Couverture vaccinale au Tchad : l'exécutif fixe le cap des 90 %
Cinq ans après sa suspension, la « Réunion du 24 » a repris au palais Toumaï. Les discussions se sont concentrées sur la vaccination et le renforcement des ressources humaines.
Le Président de la République, Chef d’État, le Maréchal du Tchad Mahamat Idriss Deby Itno a présidé, le 24 août 2026 au Palais Toumaï, la reprise de la « Réunion du 24», consacrée au secteur de la santé.
Pour cette reprise, les échanges ont été axés sur la vaccination, dont la couverture est passée de 41 % en 2017 à 71 % en 2025, avec un objectif de 90 % d’ici 2029.
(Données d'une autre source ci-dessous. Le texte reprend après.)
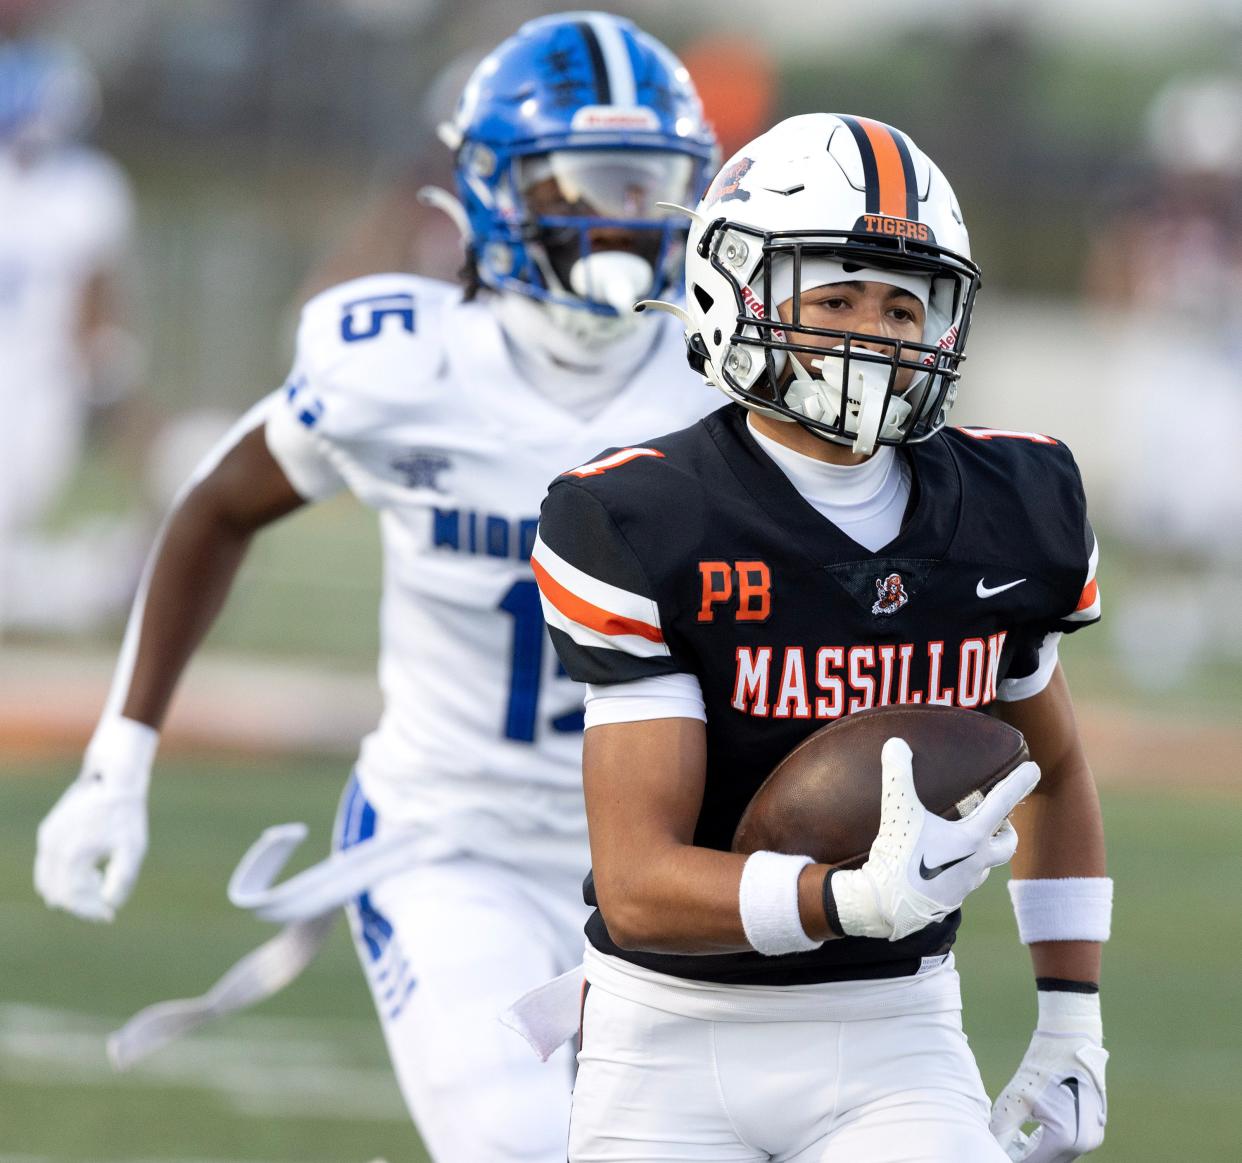 Massillon's Braylyn Toles caught two TD passes Friday.
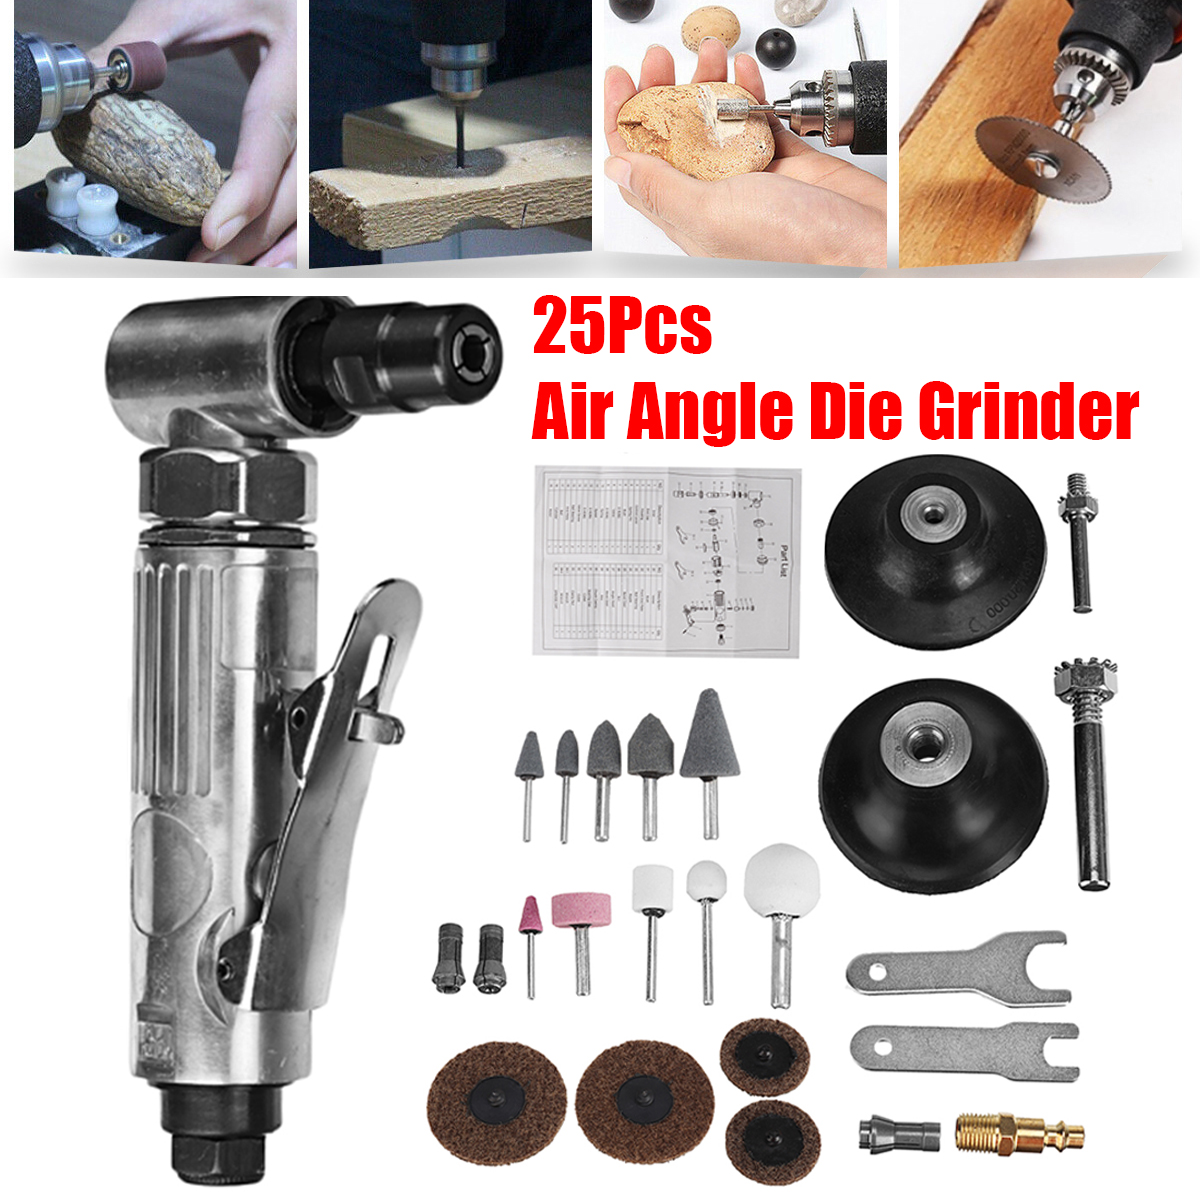 25Pcs-14quot-Electric-Polisher-Angle-Die-Grinder-Tools-Kit-20000Rpm-Air-Angle-Cleaning-Cutting-Grind-1904971-2

Des instructions ont été données par le Chef de l'État afin de sécuriser le financement de la vaccination, d'apurer les engagements financiers envers les partenaires et de renforcer les ressources humaines, notamment avec le recrutement de 500 paramédicaux et l’intégration à la fonction publique de 226 agents arrivant en fin de contrat avec les partenaires.
Cinq ans après sa suspension, la « Réunion du 24 » reprend du service.
Réinstituée comme cadre permanent de concertation, de coordination et de redevabilité, cette instance n’avait plus tenu ses assises depuis 2021. Pour cette reprise, un thème s’impose : la vaccination, avec l’ambition d’aller plus loin dans la protection des enfants et la prévention des épidémies.
Sur ce terrain, les chiffres témoignent d’une progression réelle. La couverture vaccinale est passée de 41 % en 2017 à 71 % en 2025. Un résultat encourageant, mais encore en dessous de l’ambition nationale: le nouveau cap est fixé à 90 % d’ici 2029, avec une priorité donnée aux populations les plus difficiles à atteindre.
Cette ambition ne peut se réaliser sans moyens. Le Chef de l’État a instruit le Gouvernement d’apurer les arriérés de 2025 et d’honorer les contreparties nationales de 2026 destinées aux partenaires techniques et financiers. Pour la vaccination, l’objectif est de garantir des crédits distincts, prévisibles et sécurisés dans les prochaines lois de finances.
Autre défi: les ressources humaines. Le recrutement de 500 paramédicaux, prévu au Budget de l’État 2026, doit être concrétisé. L’intégration à la fonction publique de 226 agents arrivant en fin de contrat avec les partenaires est également annoncée comme une priorité, car sans personnel suffisant, infrastructures et programmes sanitaires ne peuvent produire pleinement leurs effets.